The essay frames the bipartisan GENIUS Act as the legislative linchpin. By barring non-banks from issuing interest-bearing stablecoins, Washington “hands the stablecoin market to banks,” guaranteeing that fintech issuers such as Circle can’t compete at scale and that deposit flight is funneled into the establishments more than likely to bankroll the Treasury. Hayes calculates that the price financial savings and enhanced net-interest margins might increase the mixed market capitalisation of the large banks by more than 180 %, a commerce he describes as “non-consensus” but executable “in SIZE.”

Buy Bitcoin Before The Fed Blinks

Despite his long-term enthusiasm, Hayes cautions that a short-term liquidity drain looms once Congress passes what he labels Trump’s “Big Beautiful Bill.” Refilling the Treasury General Account to its $850 billion goal might contract greenback liquidity by practically half a trillion {dollars}, an impulse he believes could knock Bitcoin back toward the mid-$90,000s and keep costs range-bound until the Federal Reserve’s annual Jackson Hole convention in late August.

“I believe that between now and the August Jackson Hole Fed speech to be given by beta cuck towel bitch boy Jerome Powell, the market will trade sideways to slightly lower.

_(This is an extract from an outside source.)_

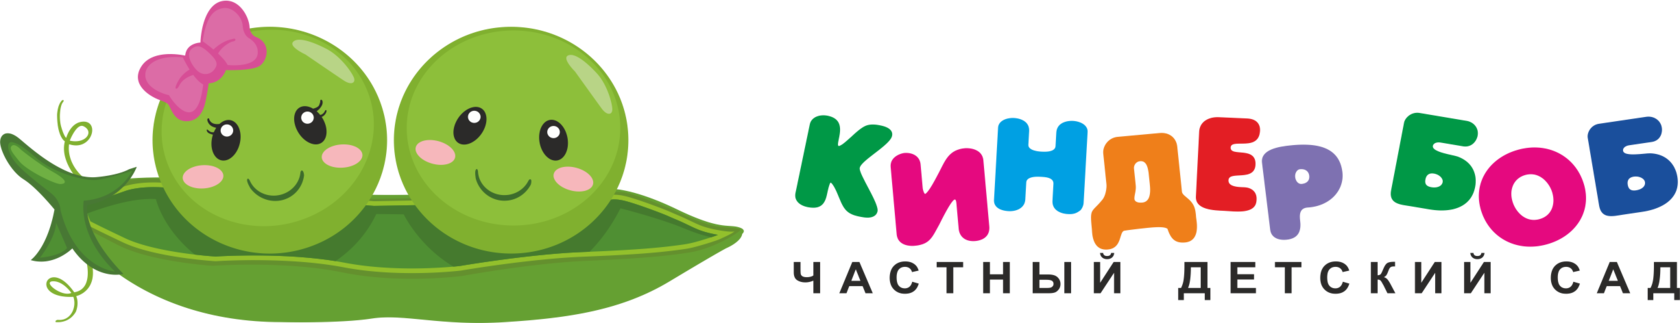 Логотип частного детского сада Киндер Боб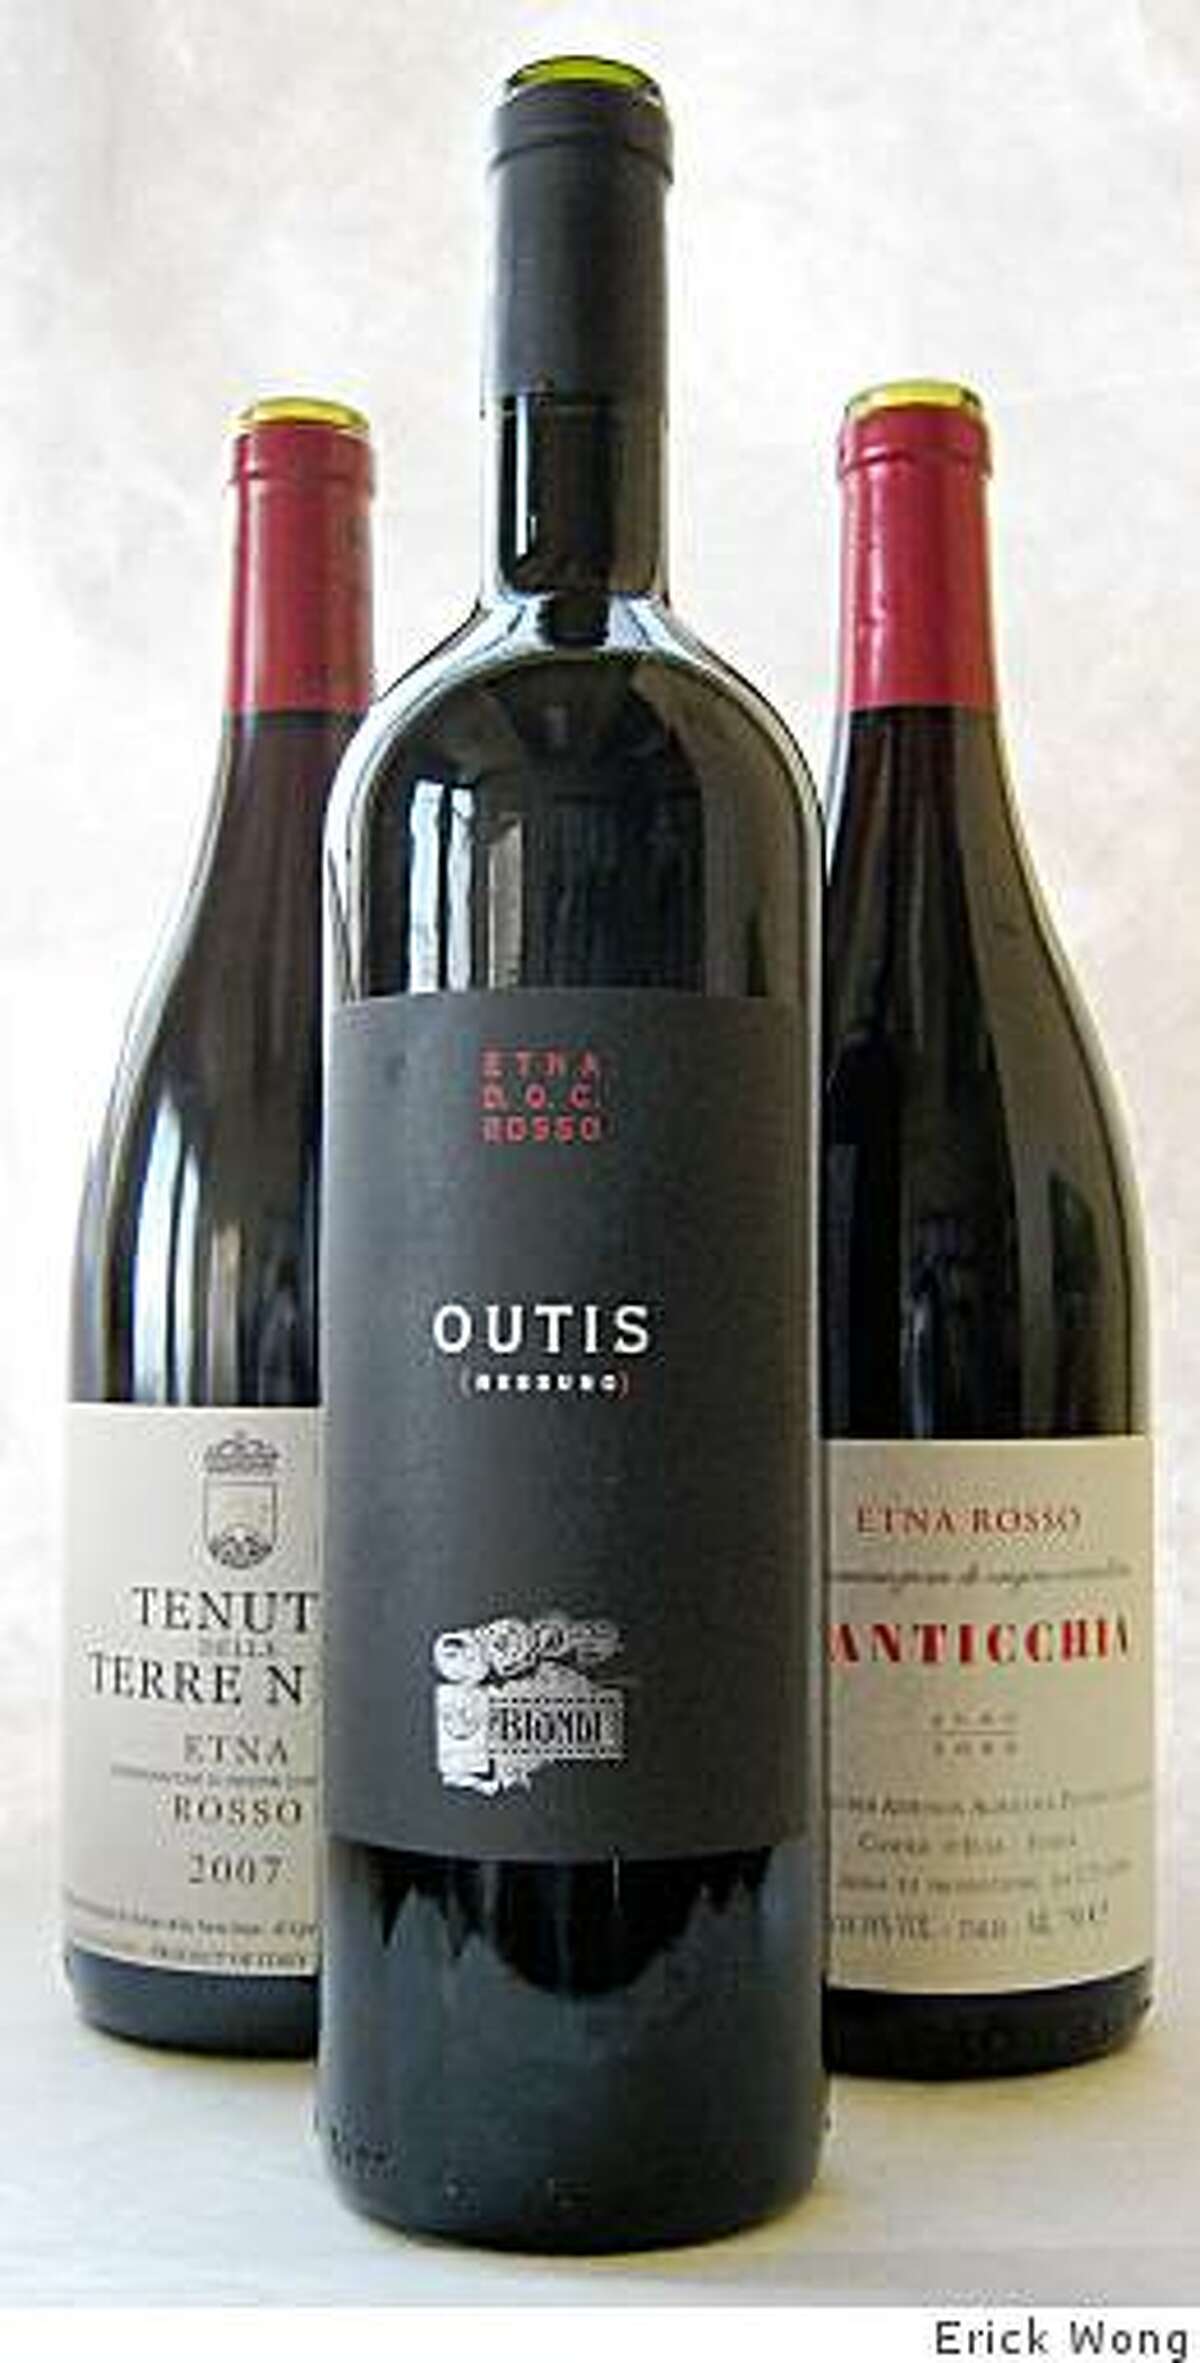 From left, 2007 Tenuta delle Terre Nere Etna Rosso, 2005 Vini Biondi Outis Etna Rosso, 2006 Pietro Caciorgna N'Anticchia Etna Rosso

If the TGA refill proves to be dollar liquidity negative, then the downside is $90,000 to $95,000. If the refill proves to be a nothingburger, Bitcoin will chop in the $100,000s without a decisive break above the $112,000 all-time-high,” Hayes writes.

The punchline, however, is resolutely bullish. Hayes ridicules advisers steering shoppers into bonds on the premise that yields will fall: “If you’re still waiting for Powell to whisper ‘QE infinity’ in your ear before you go risk-on, congrats — you’re the exit liquidity. Instead go long Bitcoin. Go long JPMorgan. Forget about Circle.”

In his view, the political machinery that props up US deficits has already chosen bank stablecoins as the next spherical of stealth quantitative easing, and Bitcoin—alongside JPMorgan stock—is positioned to take in the spill-over.

Hayes indicators off with a stark crucial: “Don’t sit on the sidelines waiting for Powell to bless the bull market.” The liquidity horse, he argues, has already bolted; buyers who hesitate to buy Bitcoin risk being trampled beneath it. “You will miss out on Bitcoin pumping 10x to $1 million,” he concludes.

At press time, Bitcoin traded at $109,449.